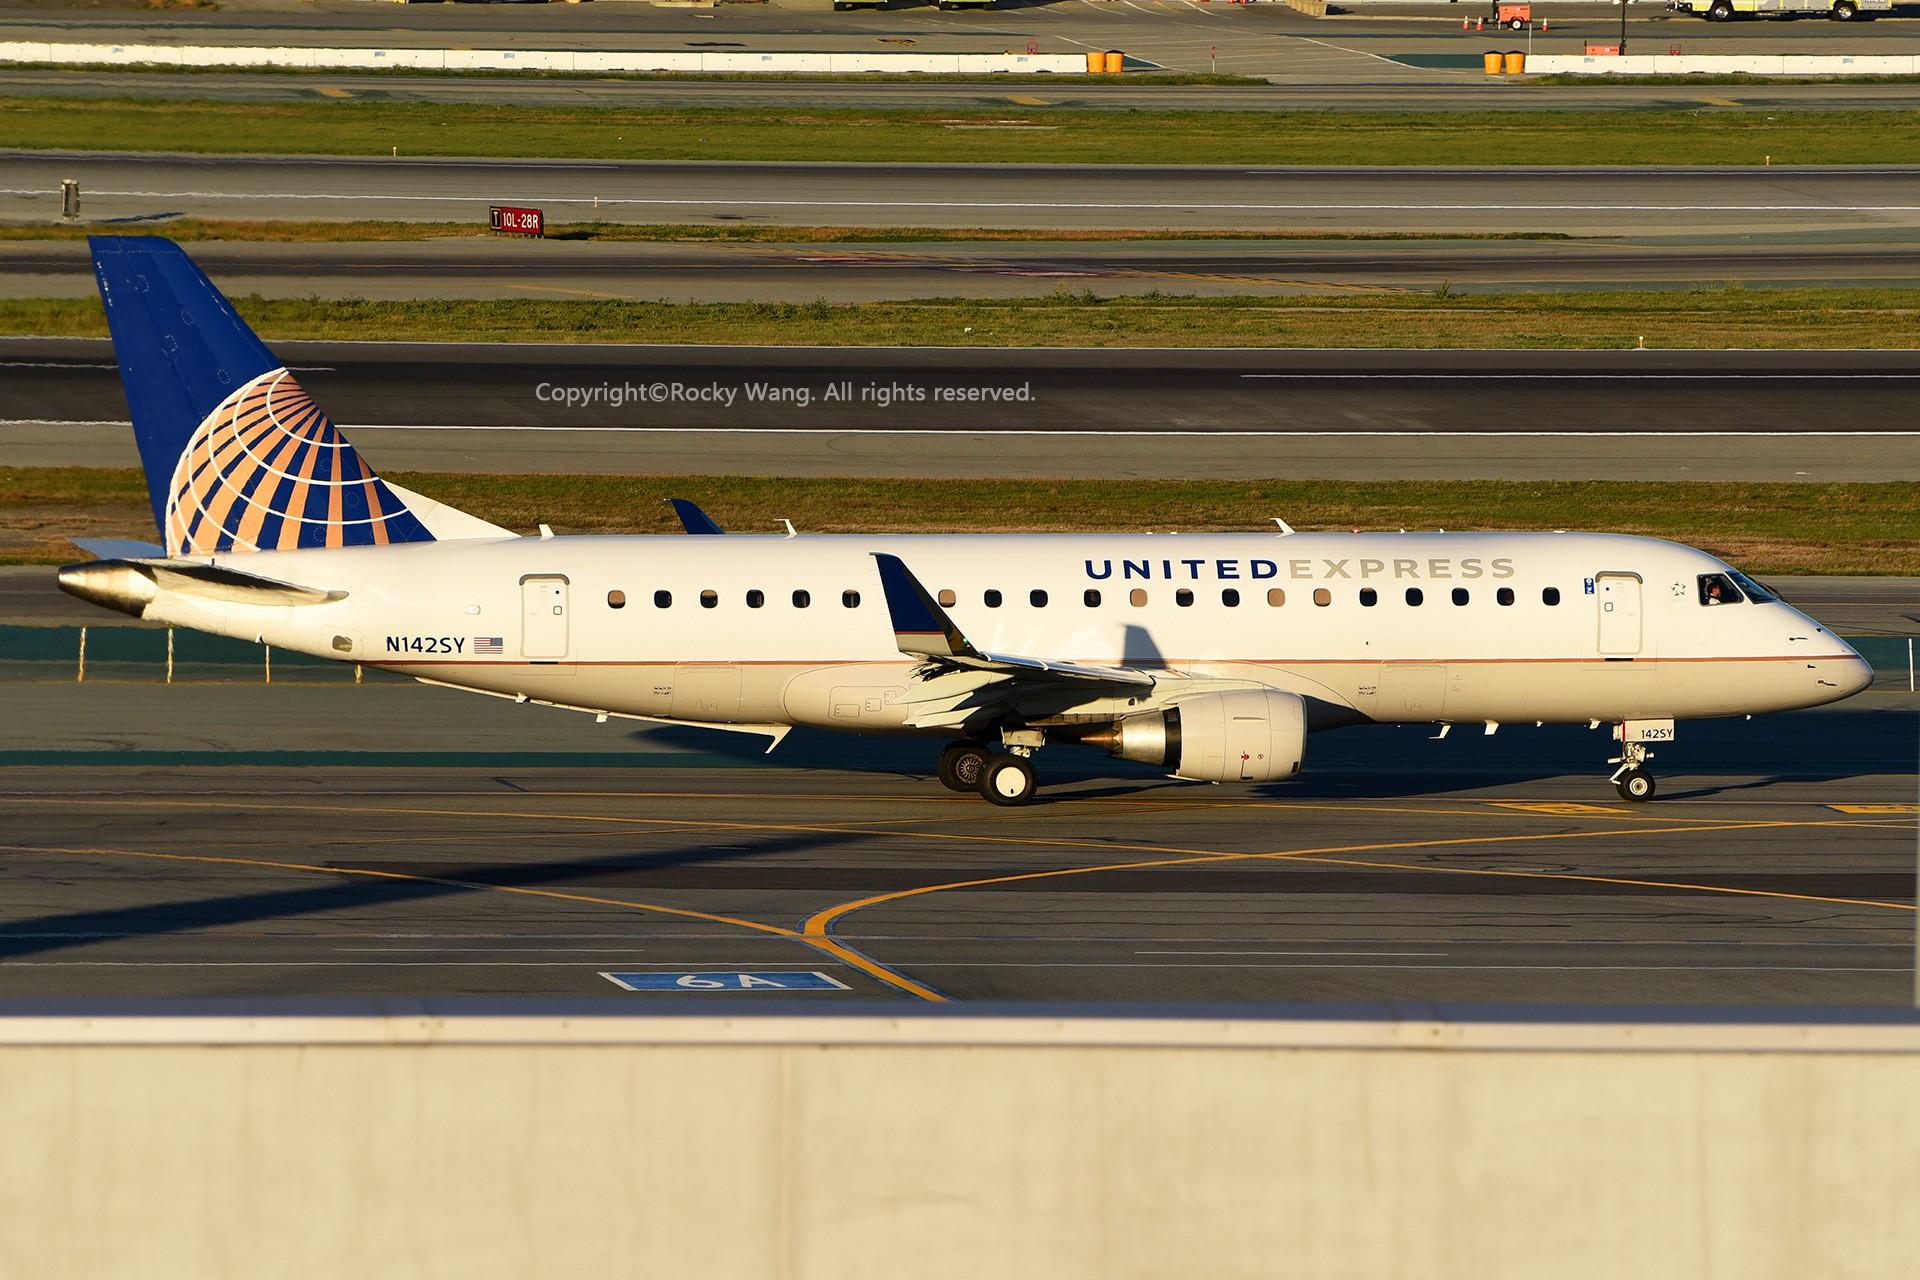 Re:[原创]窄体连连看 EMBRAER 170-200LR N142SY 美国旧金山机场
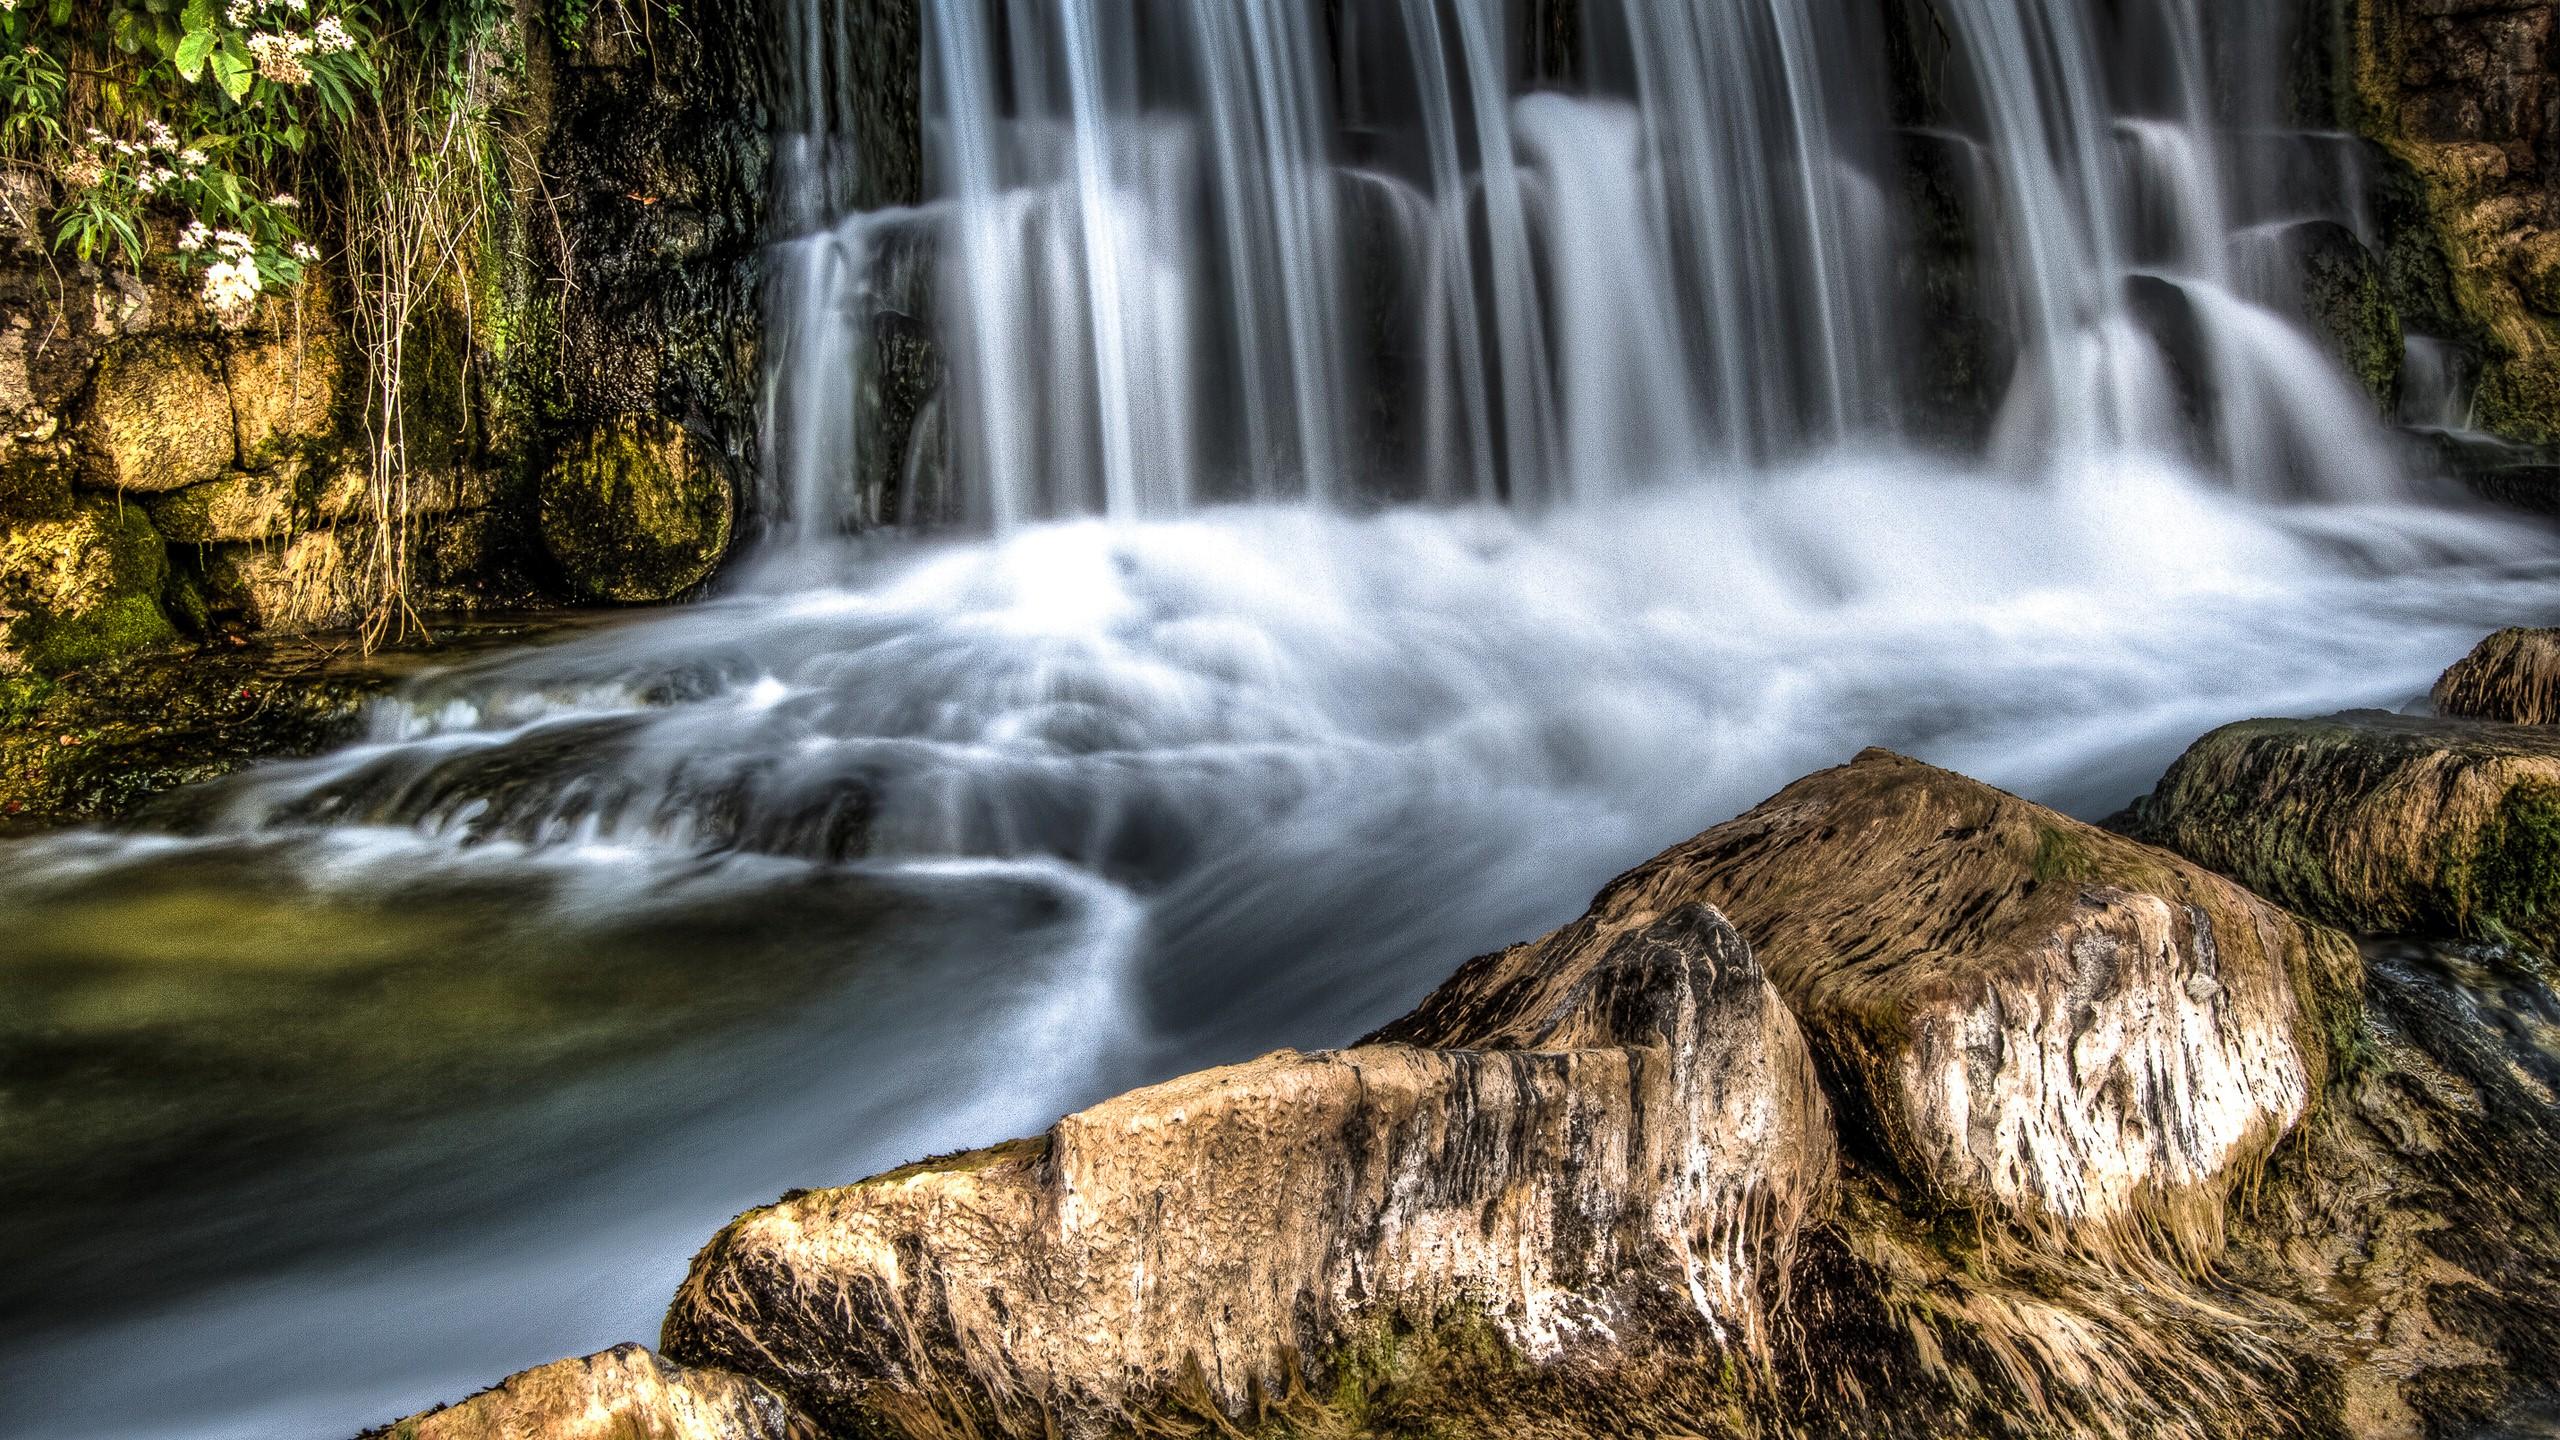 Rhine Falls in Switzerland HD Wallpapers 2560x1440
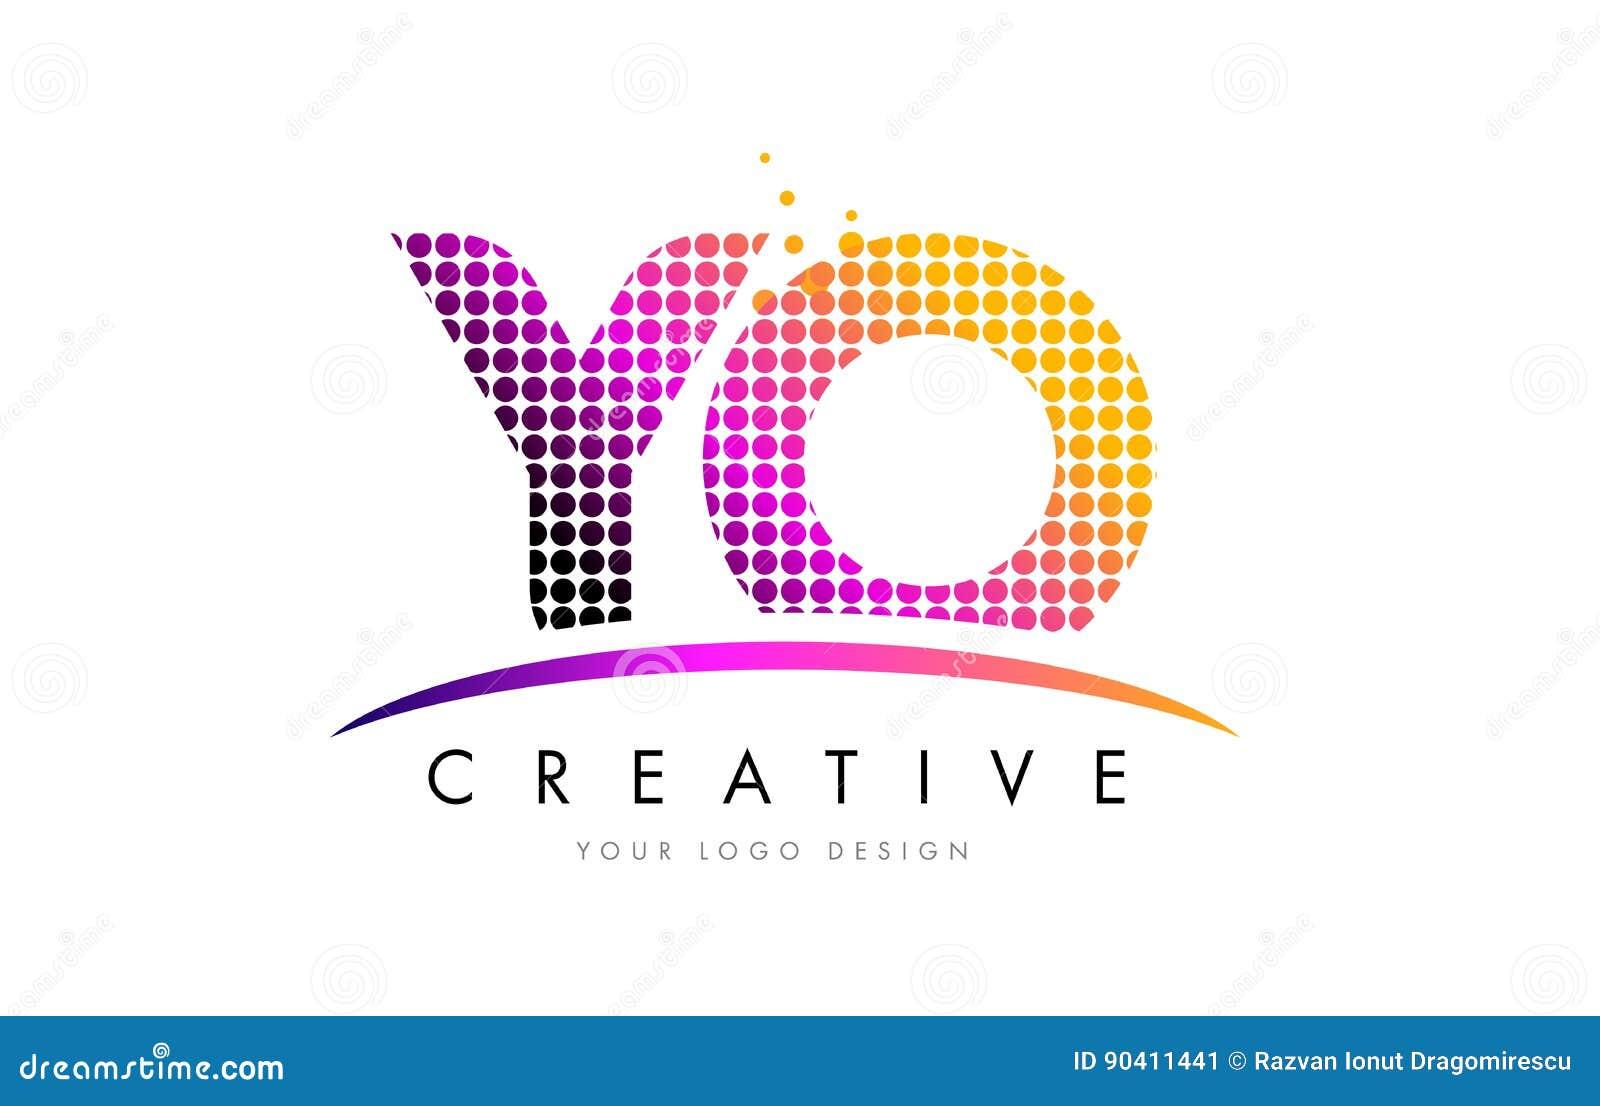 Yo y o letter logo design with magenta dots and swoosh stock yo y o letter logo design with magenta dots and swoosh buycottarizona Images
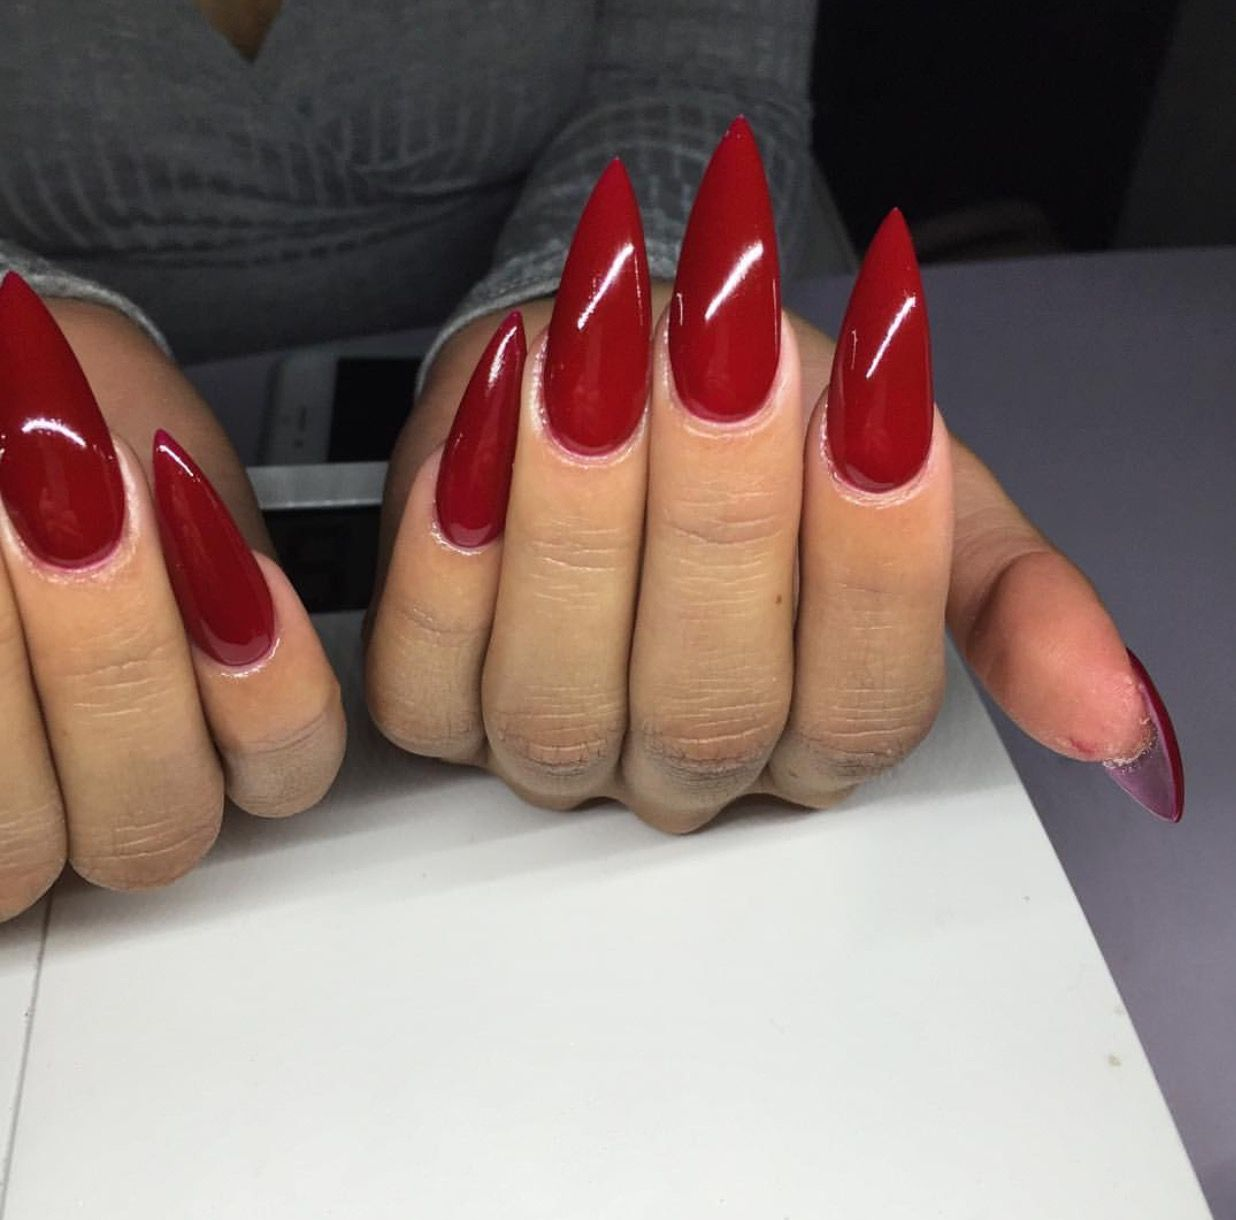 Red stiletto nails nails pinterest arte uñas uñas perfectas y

(Problem to work on):
An exact restatement is expected of the lines from the line containing "Rhine Falls in" to the end of the data above, pictures excluded.

(Expected answer):
 Rhine Falls in Switzerland HD Wallpapers 2560x1440
 Yo y o letter logo design with magenta dots and swoosh stock yo y o letter logo design with magenta dots and swoosh buycottarizona Images
 Red stiletto nails nails pinterest arte uñas uñas perfectas y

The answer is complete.